- [Problem statement]
Search for the word "Which" in the entries. Each line that holds it should be copied.

- [Records provided]
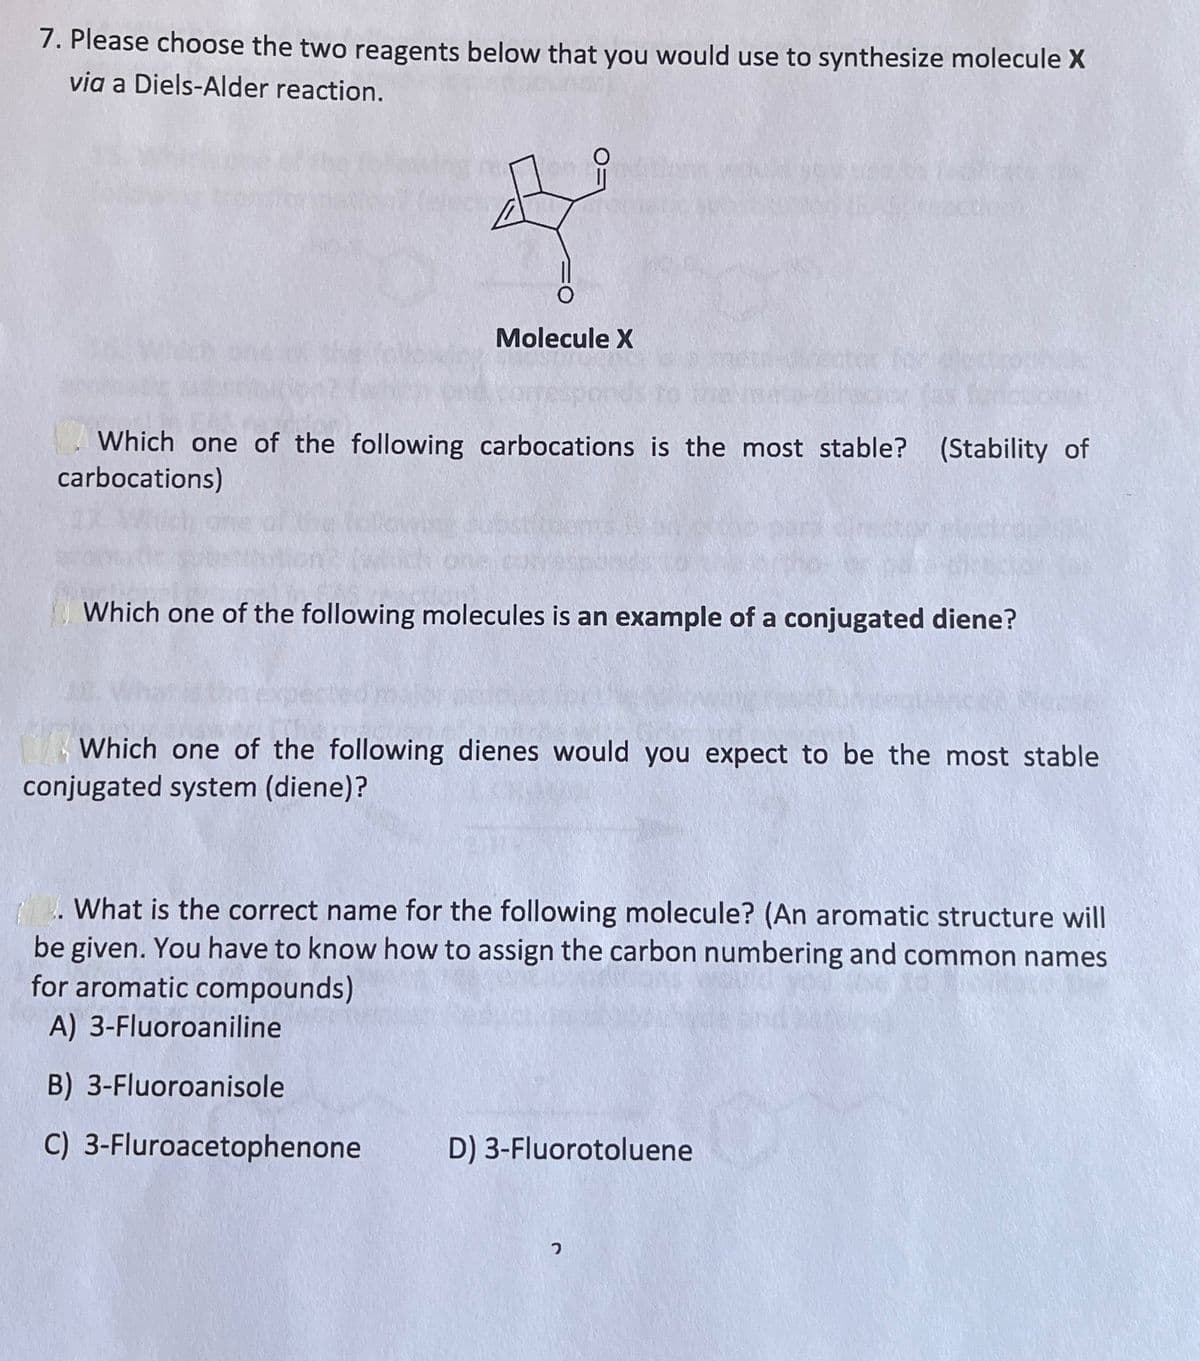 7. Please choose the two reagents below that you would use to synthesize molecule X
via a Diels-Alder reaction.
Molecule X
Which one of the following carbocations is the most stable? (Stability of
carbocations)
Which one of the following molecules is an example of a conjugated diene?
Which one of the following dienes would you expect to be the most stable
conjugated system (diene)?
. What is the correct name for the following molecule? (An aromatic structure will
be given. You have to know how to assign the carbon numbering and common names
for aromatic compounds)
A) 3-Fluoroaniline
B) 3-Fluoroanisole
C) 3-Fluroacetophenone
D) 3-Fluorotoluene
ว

==

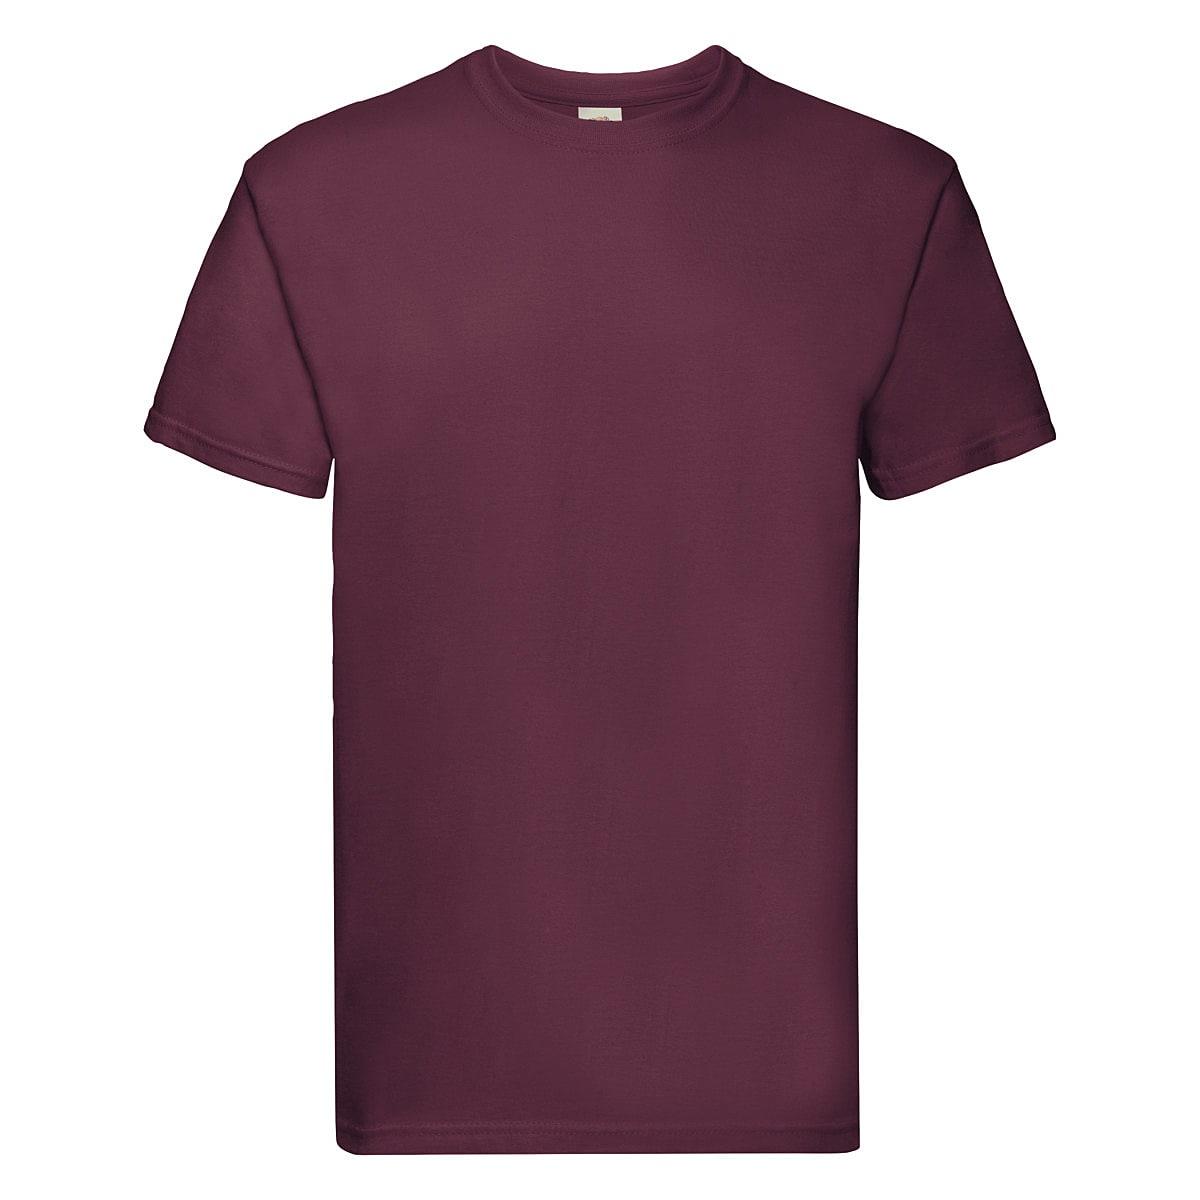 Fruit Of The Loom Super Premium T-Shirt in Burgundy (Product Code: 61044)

- [Completed task]
Which one of the following carbocations is the most stable? (Stability of
Which one of the following molecules is an example of a conjugated diene?
Which one of the following dienes would you expect to be the most stable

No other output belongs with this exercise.